The Kremlin said on Monday it categorically denies any accusations related to the murder of civilians in the Ukrainian town of Bucha and said Ukrainian allegations on the matter should be treated with doubt.
"This information must be seriously questioned," Kremlin spokesperson Dmitry Peskov told reporters on a conference call, according to Realnoye Vremya.
"From what we have seen, our experts have identified signs of video falsification and other fakes."
Peskov said that the facts and chronology of the events in Bucha did not support Ukraine's version of events and urged international leaders not to rush to judgment.
"We categorically deny any accusations," said Peskov.

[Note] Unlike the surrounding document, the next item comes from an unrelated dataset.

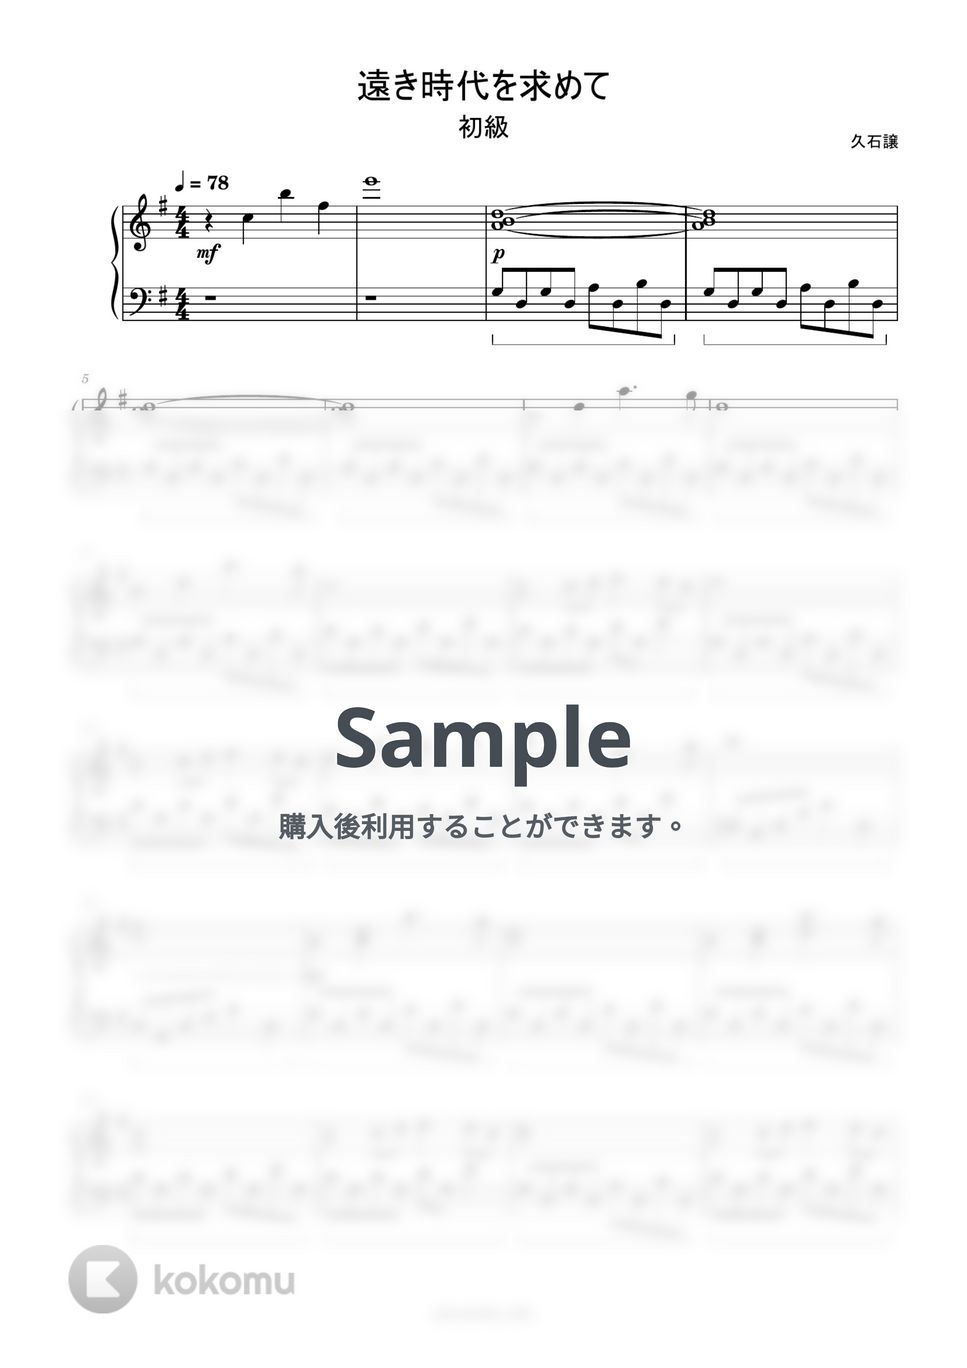 久石譲 - 遠き時代を求めて (簡単楽譜) by ピアノ塾

"The situation is undoubtedly serious and we would ask that many international leaders not rush with their statements, not rush with their baseless accusations, request information from different sources, and at least listen to our explanations."
Peskov said that Russia's diplomats would press on with their efforts to convene a U.N. Security Council meeting to discuss what Moscow has called "Ukrainian provocations" in Bucha despite their first effort to arrange such a meeting being blocked.
"The initiative itself of raising this topic to the platform of the U.N. Security Council suggests that Russia wants and demands that this topic be raised at the international level," Peskov said.
Russia’s envoy to the UN Vasily Nebenzya said yesterday that available evidence leaves no doubt the events in Bucha, as they are presented by Ukraine, were staged, according to TASS.
"The footage that was being presented in particular, in Bucha, on which I spoke does not give us any doubt that this was staged," he said at a news conference. "We will present more evidence."
Nebenzya at his news conference at the UN headquarters demonstrated footage that showed Ukraine’s footage from Bucha as staged.
Russia has repeatedly seen how so-called independent investigations were in fact not independent, Nebenzya said.
Ukrainian authorities said on Sunday they were investigating possible crimes by Russian forces after finding hundreds of bodies strewn around towns outside the capital Kiev after the Russian withdrawal from the area.
The BBC says the UN Secretary-General, Antonio Guterres has called for an independent investigation into "the images of civilians killed in Bucha."